Anti-Fut-Swet

It "Hardens the feet".

Chattanooga Daily Times - June 11, 1898

     Posted By: Alex - Fri Mar 13, 2020
     Category: Advertising | Nineteenth Century | Feet





Comments
Being a patent medicine, I don't put too much stock in the symptoms that it is supposed to treat. But what caught my eye was the symptom of "scalded foot." Wouldn't you think of a burn from exposure to hot liquid? So, I looked up the definition and found that it is a staph infection and can be serious. I had never seen the term before and now I'll be constantly checking between my toes for something out of the ordinary.
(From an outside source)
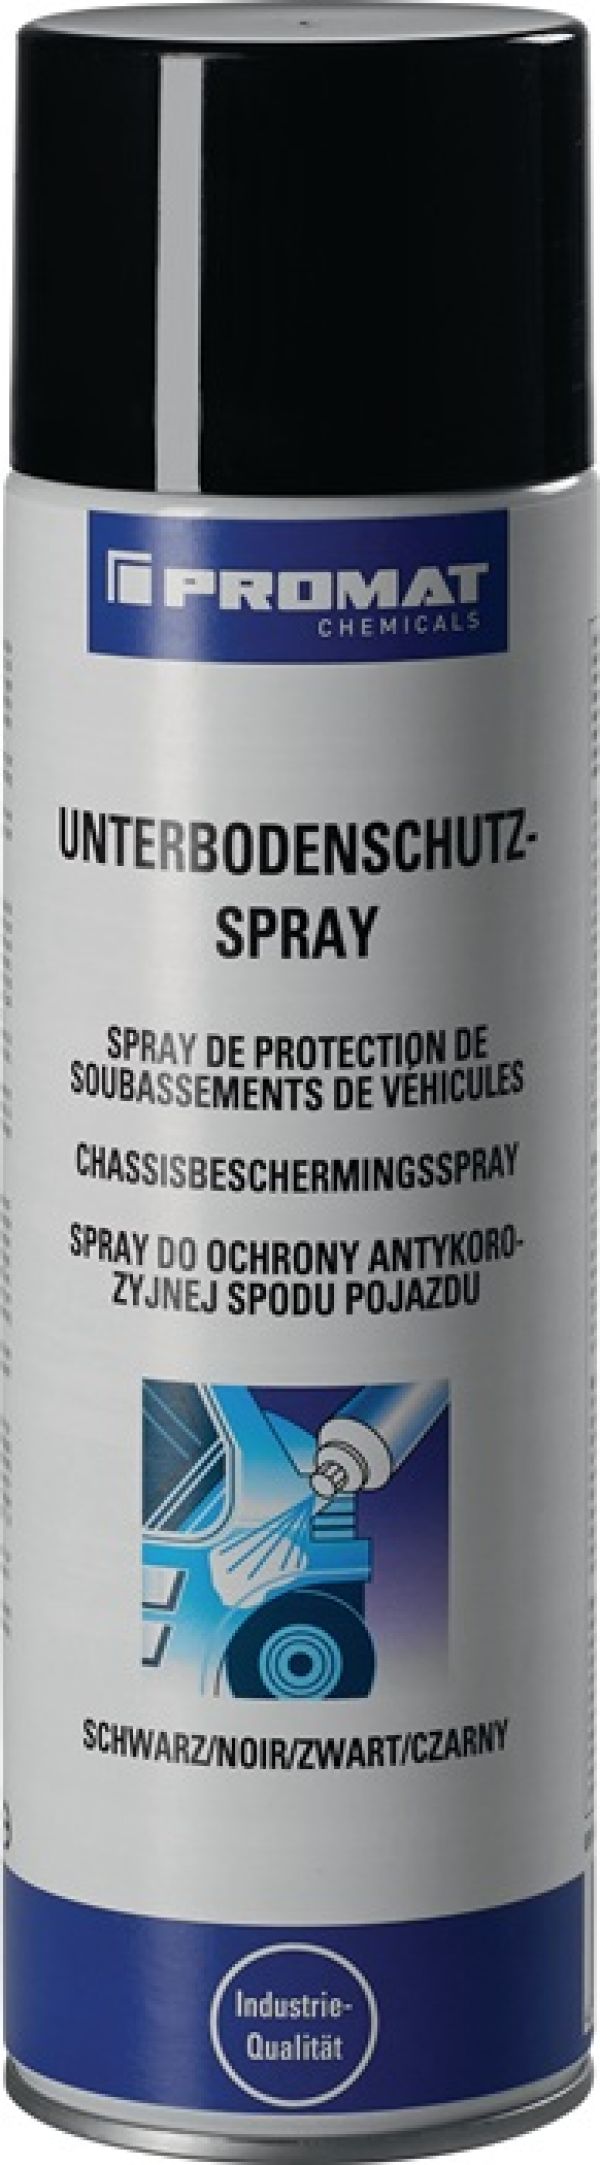 Unterbodenschutz-Spray schwarz 500 ml Spraydose PROMAT CHEMICALS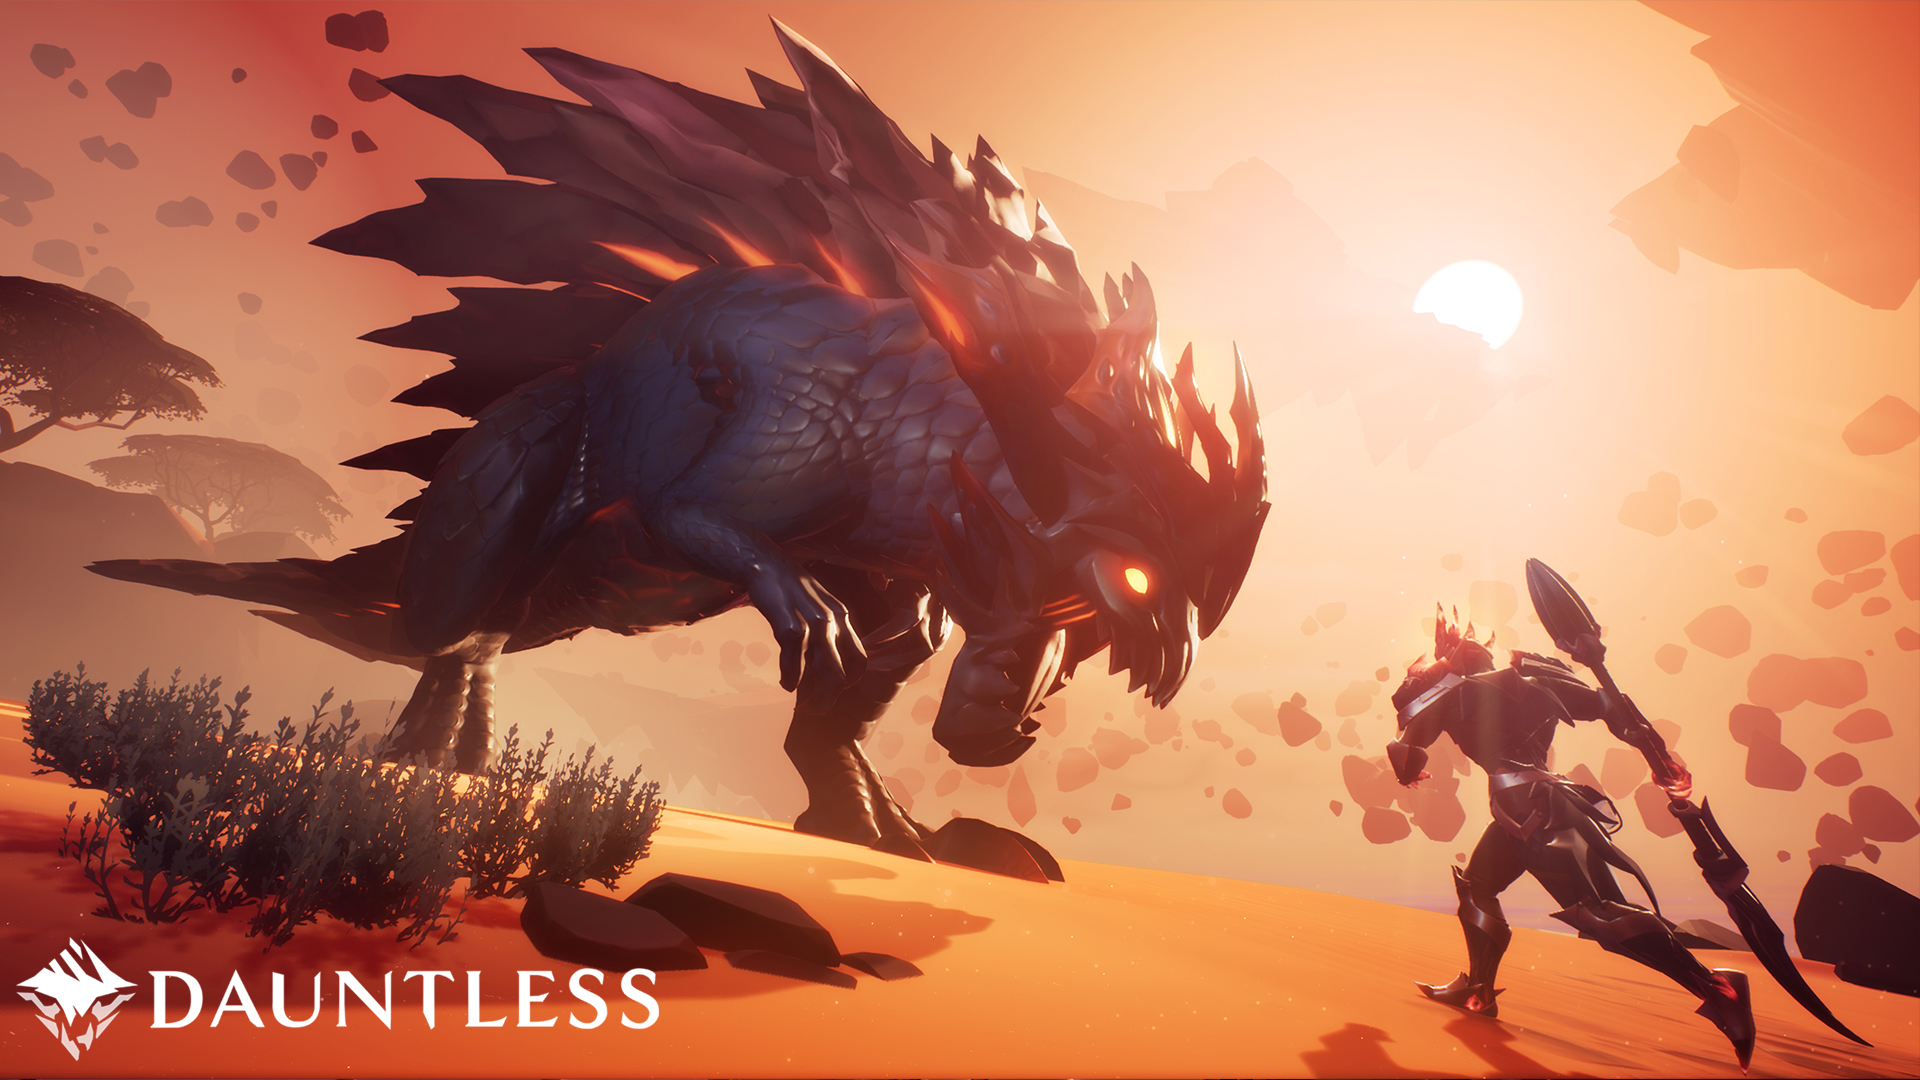 กระเเสตอบรับดี! Dauntless มีผู้เล่นเข้ามามากกว่า 1 ล้านไอดี หลังจากเปิด Open Beta ในเดือนพฤษภาคม

It's also a term for a bacterial infection of sheep and goats that affects their hooves.
Posted by KDP on 03/13/20 at 08:58 AM
What were the ingredients?
Posted by Judy on 03/13/20 at 11:41 AM
When I first saw the title, I pronounced it in my mind as:

Anti-fute-sweet

So I was confused when I started reading the ad.
Posted by Judy on 03/13/20 at 11:45 AM
The marching soldiers were in the Spanish American War which lasted less than four months.
Posted by ges on 03/13/20 at 04:15 PM
Well, dunno about the medicine itself, but trench foot always has been a serious thing.